About two years ago over 30 of the nation’s pro-life leaders issued an official statement against an environmental campaign spearheaded by the Evangelical Environmental Network calling mercury regulations “pro-life.”
Instead of correcting its claims, EEN doubled down and expanded them, further obscuring the meaning of “pro-life” and diluting its usefulness to identify people working to end abortion on demand. First they aligned global warming to the ”
pro-life” cause, and then they expanded the definition of “life” beyond human beings to include caring for all of life.
For EEN and CEO Mitchell C. Hescox, being “pro-life” doesn’t simply mean opposing abortion or other actions that intentionally kill human beings. It means opposing any action that some environmentalist thinks creates any risk, however great or small, to any life, human or non-human.
Pro-life leaders rejected EEN’s original labeling of mercury regulations as “pro-life.” They said, “As leaders of the pro-life movement, we reject that portrayal as disingenuous and dangerous to our efforts to protect the lives of unborn children.” To clarify, they added, “The term pro-life originated historically in the struggle to end abortion on demand and continues to be used in public discourse overwhelmingly in that sense; the life in pro-life denotes not quality of life but life itself.” They warned that obscuring the meaning of “pro-life” had the potential to “divide the pro-life vote, and postpone the end of abortion-on-demand in America.”

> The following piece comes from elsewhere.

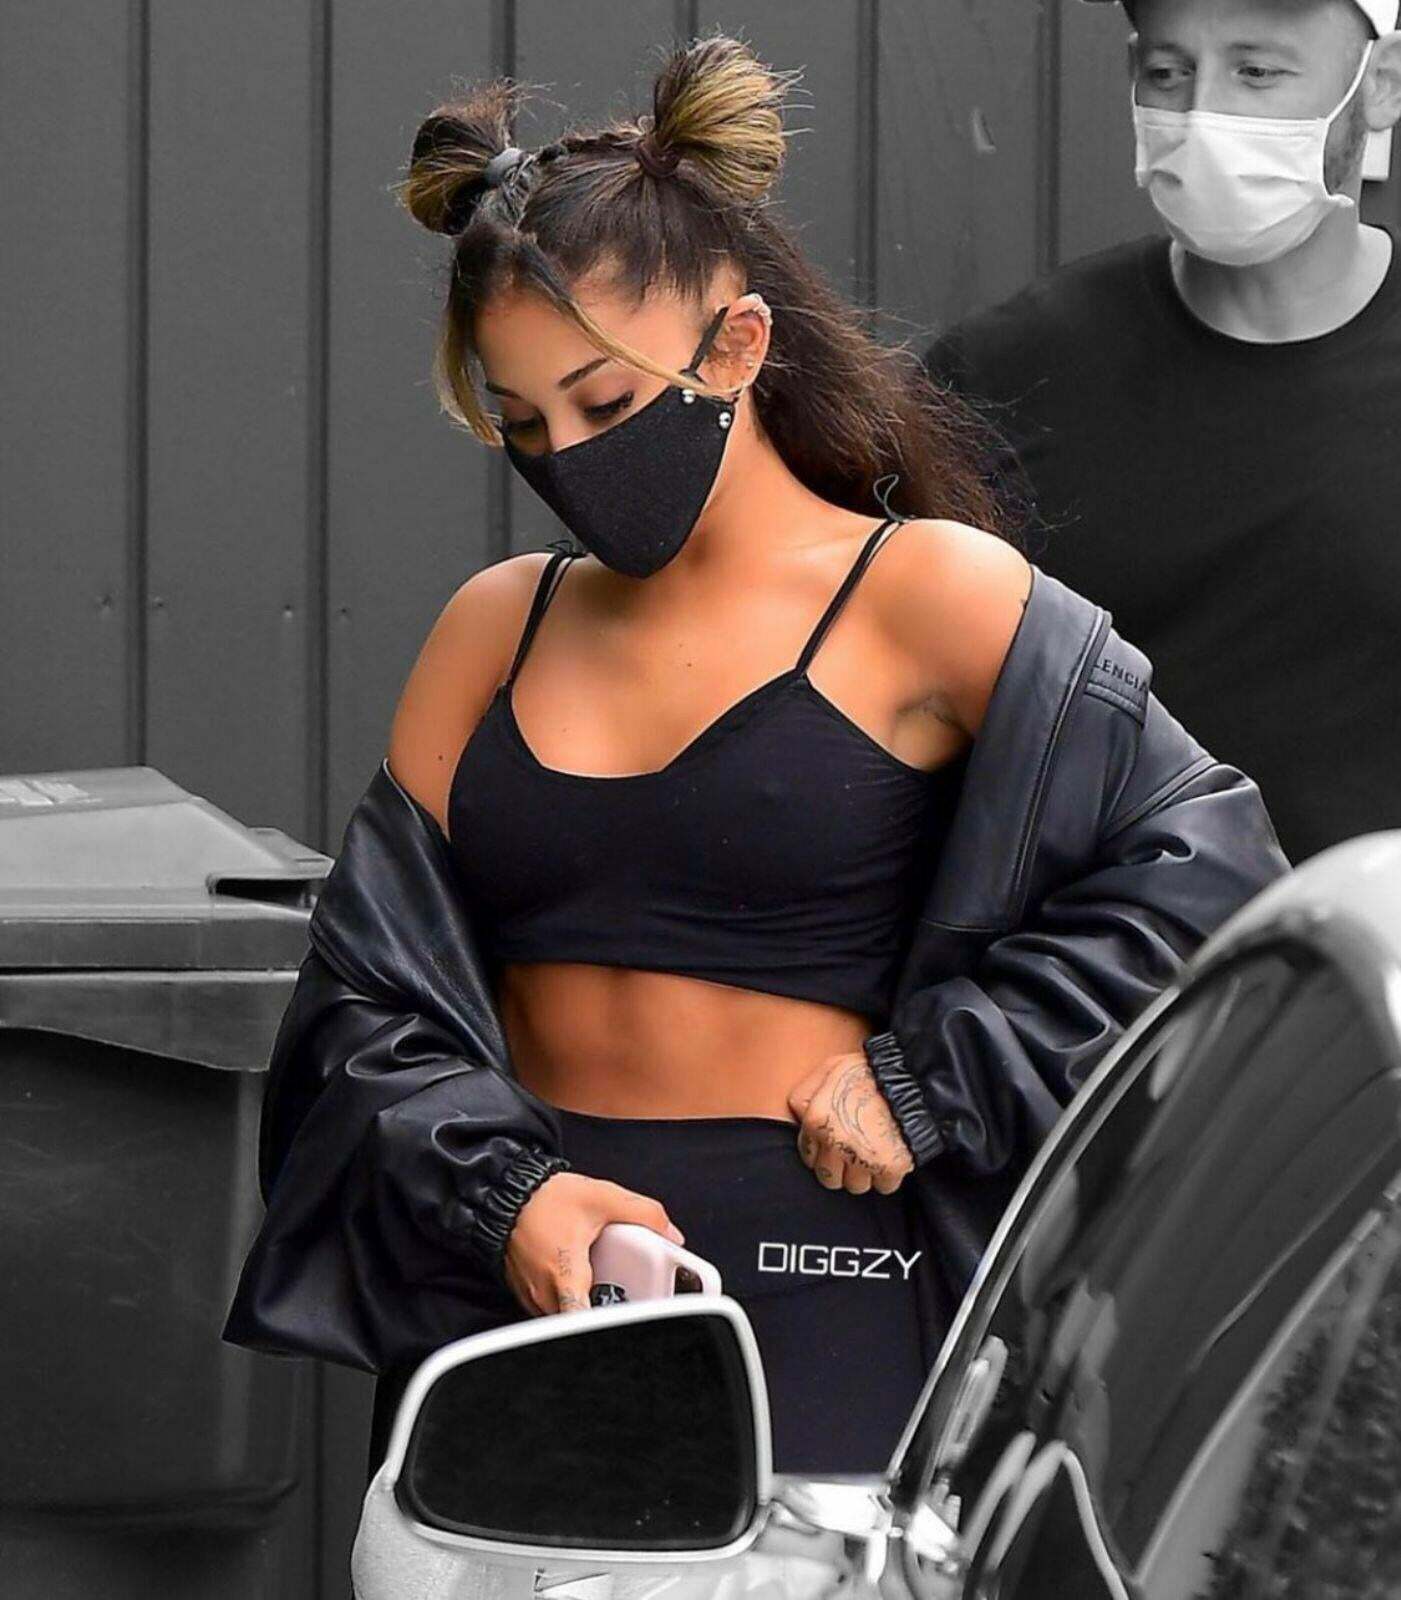 Ariana Grande strolling around braless in LA today

Ignoring the concerns of the pro-life movement, EEN first added the fight against global warming as a “pro-life” cause, despite the fact that multiple studies show that switching from abundant, affordable, reliable fossil fuels to diffuse, expensive, unreliable wind and solar would slow economic growth in the poverty-stricken developing countries. That slowdown would retard growth in jobs and income, which would, in turn, put more lives at risk from poverty’s threats than the tiny amount of warming that might be prevented.
Hescox’s statement has another, deadly serious, implication. By tying the pro-life label to global warming, Hescox risks putting the science of the start of human life—and with it the whole pro-life claim that abortion kills a human being—on par with the far more murky science of anthropogenic climate change. To continue reading on ChristianPost.com, click here.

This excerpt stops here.